**PROBLEM TO SOLVE**
Reproduce the lines below exactly, from the one containing "What Causes Eczema Flare-Ups?" through the one containing "will not comply ~ brown", both included. Leave out any pictures.

**RECORDED DATA**

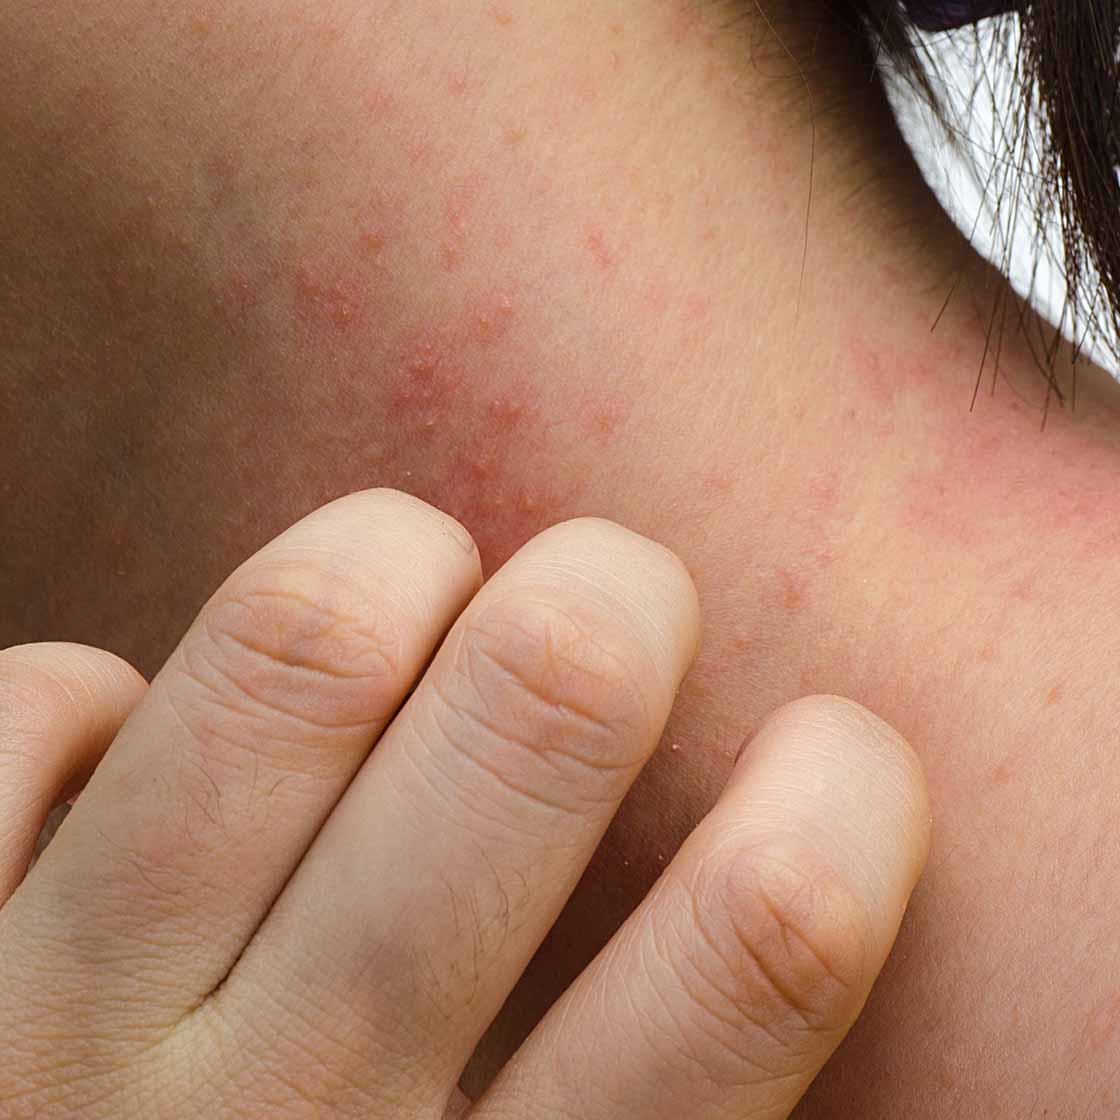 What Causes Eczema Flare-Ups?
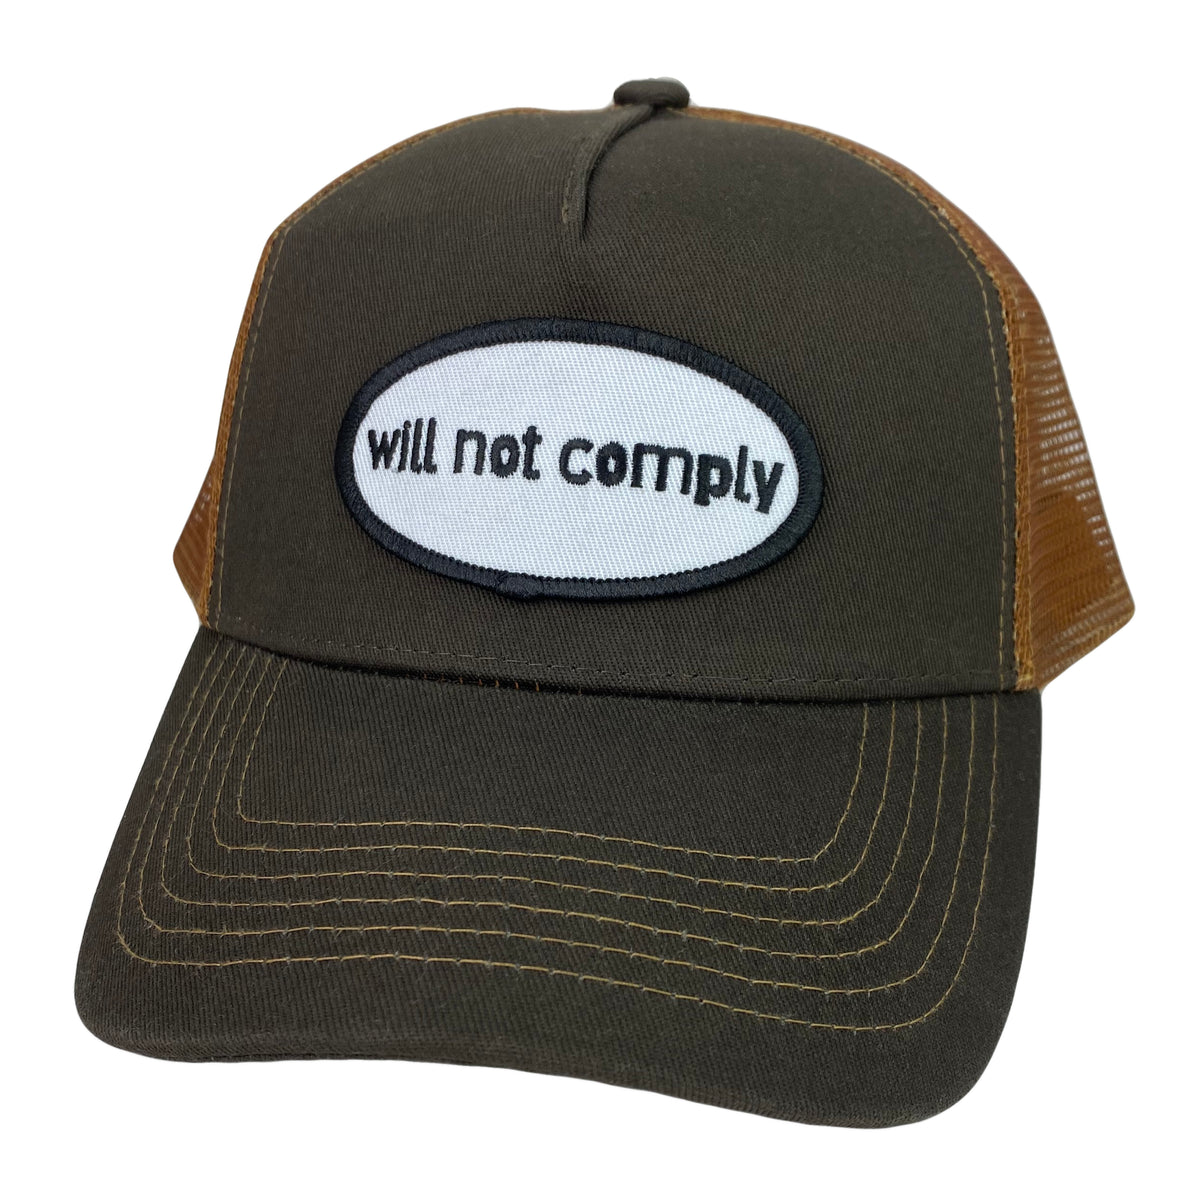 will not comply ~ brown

--

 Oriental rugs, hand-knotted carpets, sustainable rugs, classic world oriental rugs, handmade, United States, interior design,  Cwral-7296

**OUTPUT**
 What Causes Eczema Flare-Ups?
 will not comply ~ brown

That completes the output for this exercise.